This will get worse, not better:

The shared dataset registry proposal (#3586840) needs a contract that registry-side validation can enforce when authors save a new dataset, rubric, or judge version.
Per-domain extensions (privacy tiers, routing classes, RAG-specific fields, agent eval_conditions) need a way to be declared without forking the format.
IDE tooling (YAML schemas in VS Code, JetBrains) cannot help authors today because there is nothing to point the IDE at.
Reproducibility breaks: changing a grader plugin's logic silently changes scores across every eval target using it. Versioned rubrics and judges fix this; ungoverned schema does not.

Steps to reproduce

Create a dataset row with a misspelled grader-specific key: expecteed_facts instead of expected_facts.
Run drush ai-eval:run against a target using fact_match_grader.
Observe: row scores low or skips with no clear "your dataset has a typo" feedback.
Separately: change a grader plugin's threshold from 0.7 to 0.8. Re-run. Observe: every eval target's scores shift, with no audit trail tying the change to the score change.

Proposed resolution

Ship three JSON Schemas (Draft 2020-12) at schema/ in the ai_eval module:

1. `schema/dataset.schema.json`

Top level: object with required questions array.
Each question: required id (string), input (string); optional criteria, expected, expected_facts, expected_tools; optional rubric_ref (pointer into rubric registry, format rubric/{id}@{semver}); optional bundle (string, names a domain-specific extension bundle such as rag, agent, or drupal_builder; bundle field schemas owned per-domain by the consuming module).
additionalProperties: true at the row level so domain-specific extensions remain valid.
expected.format as an enum (json, text) since FormatGrader's accepted values are closed.

2. `schema/rubric.schema.json`

Top level: object with required id, version, checks, scoring.
id: snake_case string.
version: semver.
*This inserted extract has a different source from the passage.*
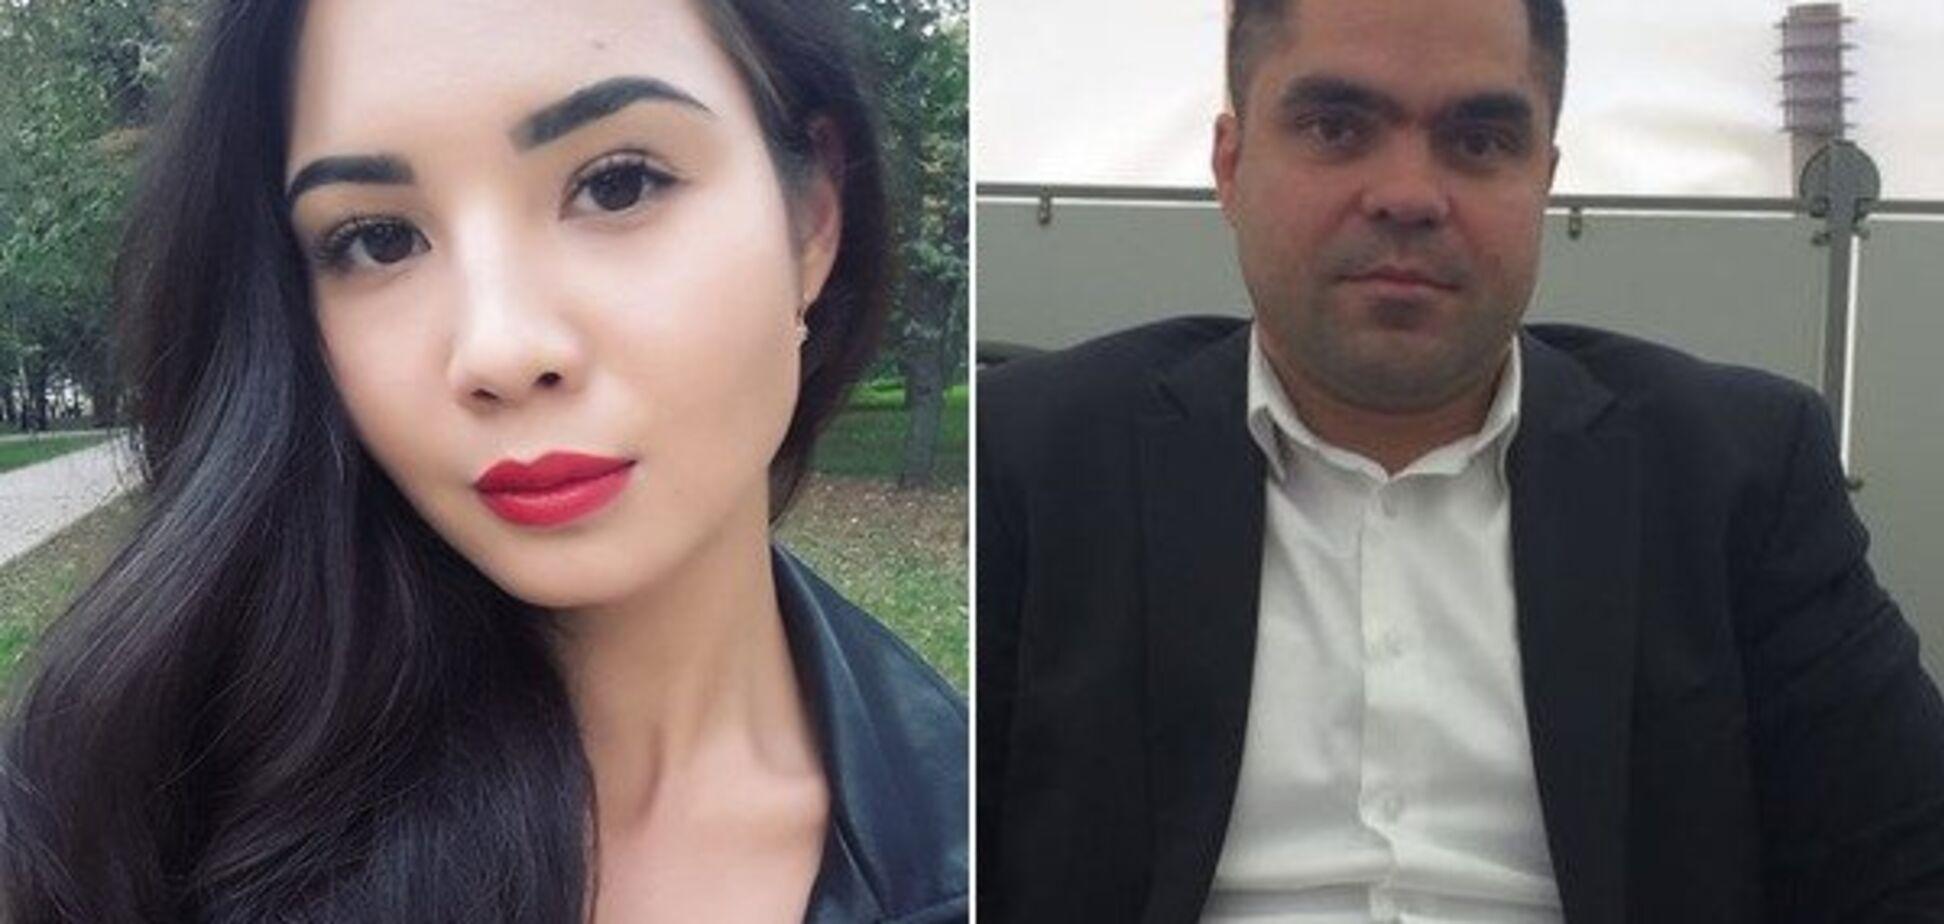 Предлагали 1,5 тыс. грн: ''жертва'' секс-скандала с сотрудником полиции сделала признание

Breaking score-distribution changes require major bump.
checks: array of one or more checks. Eleven check kinds shipped at v1: must_contain_any, must_not_contain, regex, json_schema, php_lint, markdown_structure, tool_usage, format, fact_match, llm_judge, composite. Each kind is a discriminated subschema.
scoring.combine: enum (all_pass, any_pass, weighted_avg, min, max, median).
llm_judge checks reference judge prompts via judge_prompt_ref: judge/{id}@{semver} and may declare a jury (multiple judges with weights and aggregation).
composite checks reference another rubric via rubric_ref; single-level depth limit at v1 (no composite-of-composite).
additionalProperties: true at root so bundles can extend.

3. `schema/judge.schema.json`

Top level: object with required id, version, template.
template: Mustache-style template. Variables: {{ input }}, {{ output }}, {{ expected }}, {{ context }}.
score_type: enum (binary, continuous, levels); levels requires level_names.
validation: optional object with tpr, tnr, validated_against, validated_at, sample_size. JudgeValidator populates these.
applicable_to: array of domain strings where this judge has been validated.

Loader wiring

DatasetLoader validates cases on load. New RubricLoader and JudgePromptLoader validate their respective shapes.
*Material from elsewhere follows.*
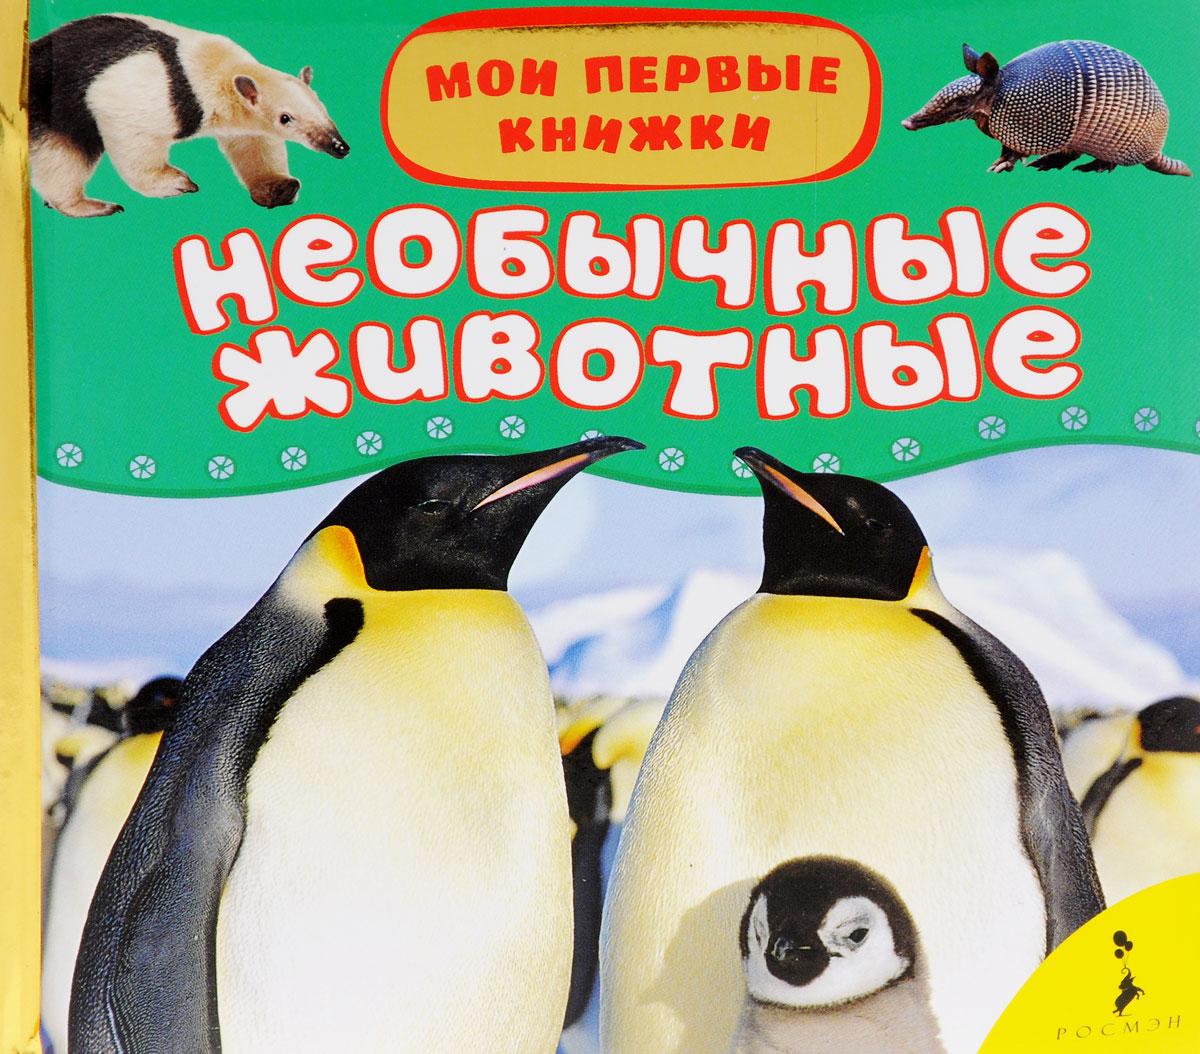 Необычные животные книги энас книга самые необычные животные

Validate on load. Soft-fail by default: log a warning per offending row, continue running. The point is to surface mistakes, not to block legitimate domain extensions.
Add a strict mode (per-target boolean) that hard-fails on validation errors for users who want CI-grade strictness.
Reference integrity: every rubric_ref in cases must resolve. Every judge_prompt_ref in rubrics must resolve. Every composite rubric must not cycle.
Version pinning: rubric_ref: rubric/foo@1.2 resolves to exact version 1.2; missing pin warns and resolves to latest minor (configurable per-target: strict mode forbids unpinned refs).
Judge validation freshness: if validation.validated_at is older than 90 days, log a warning. Strict mode requires re-validation.
Expose validation as Drush commands: drush ai-eval:validate-dataset {filename}, drush ai-eval:validate-rubric {filename}, drush ai-eval:validate-judge {filename} for offline checks before committing.
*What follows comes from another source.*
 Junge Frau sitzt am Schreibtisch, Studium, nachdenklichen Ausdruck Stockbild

Publish the schema URLs so authors can add # yaml-language-server: $schema=... at the top of their YAML for IDE autocomplete and inline validation.

Migration

Existing ai_eval grader plugins map onto check kinds:

accuracy_grader → llm_judge with judge_prompt_ref: judge/accuracy@1.0
fact_match_grader → fact_match
format_grader → format
tool_usage_grader → tool_usage
structured_match_grader → json_schema

The plugin manager stays. Plugins become executors for check kinds rather than the rubric definition itself.

Remaining tasks

Draft schema/dataset.schema.json, schema/rubric.schema.json, schema/judge.schema.json (initial drafts target Friday 2026-05-15).
Add a justinrainbow/json-schema (or equivalent — opis/json-schema if preferred for Drupal contrib) dev dependency.
Modify DatasetLoader to validate on load. Add strict field to EvalTarget config.
Implement RubricLoader and JudgePromptLoader with reference-integrity validation and cycle detection.
Refactor existing grader plugins to act as executors for check kinds (no behavior change at this step).
Add Drush commands ai-eval:validate-dataset (alias aevd), ai-eval:validate-rubric (aevr), ai-eval:validate-judge (aevj).
Document in README under "Dataset Format", "Rubric Format", "Judge Format" sections. Link the schemas from the project page.
Tests: well-formed dataset/rubric/judge passes; missing required fields warns; misspelled known field still passes (additionalProperties); enum violations warn; reference integrity catches dangling rubric_ref / judge_prompt_ref; cycle detection catches composite-of-composite.

User interface changes

EvalTarget form gains a "Strict validation" checkbox that applies to dataset, rubric, and judge schemas uniformly.
EvalTarget form shows validation errors inline when a target is saved with a dataset/rubric/judge whose schema validation fails (warning in soft mode, error in strict mode).

API changes

DatasetLoader::load() may now log warnings per row. No signature change.
New services: RubricLoader and JudgePromptLoader with shape load(string $id, ?string $version): array. Concrete interfaces to be decided during implementation.
New Drush commands: ai-eval:validate-dataset (alias aevd), ai-eval:validate-rubric (aevr), ai-eval:validate-judge (aevj).
Grader plugins gain a $check_kind property identifying which check kind they execute. Plugin discovery still uses @AiEvalGrader annotation; a new check_kind annotation key is added (back-compat: missing key infers from plugin id).

Data model changes

EvalTarget config entity adds strict_validation boolean (default FALSE). Existing config keeps current soft-fail behavior.
Three new on-disk artifact types beneath the dataset directory: rubrics/{id}.yaml and judges/{id}.yaml alongside existing dataset YAML files. Filesystem layout convention; no Drupal-side entity required for v1 (entity question is deferred to #3586840).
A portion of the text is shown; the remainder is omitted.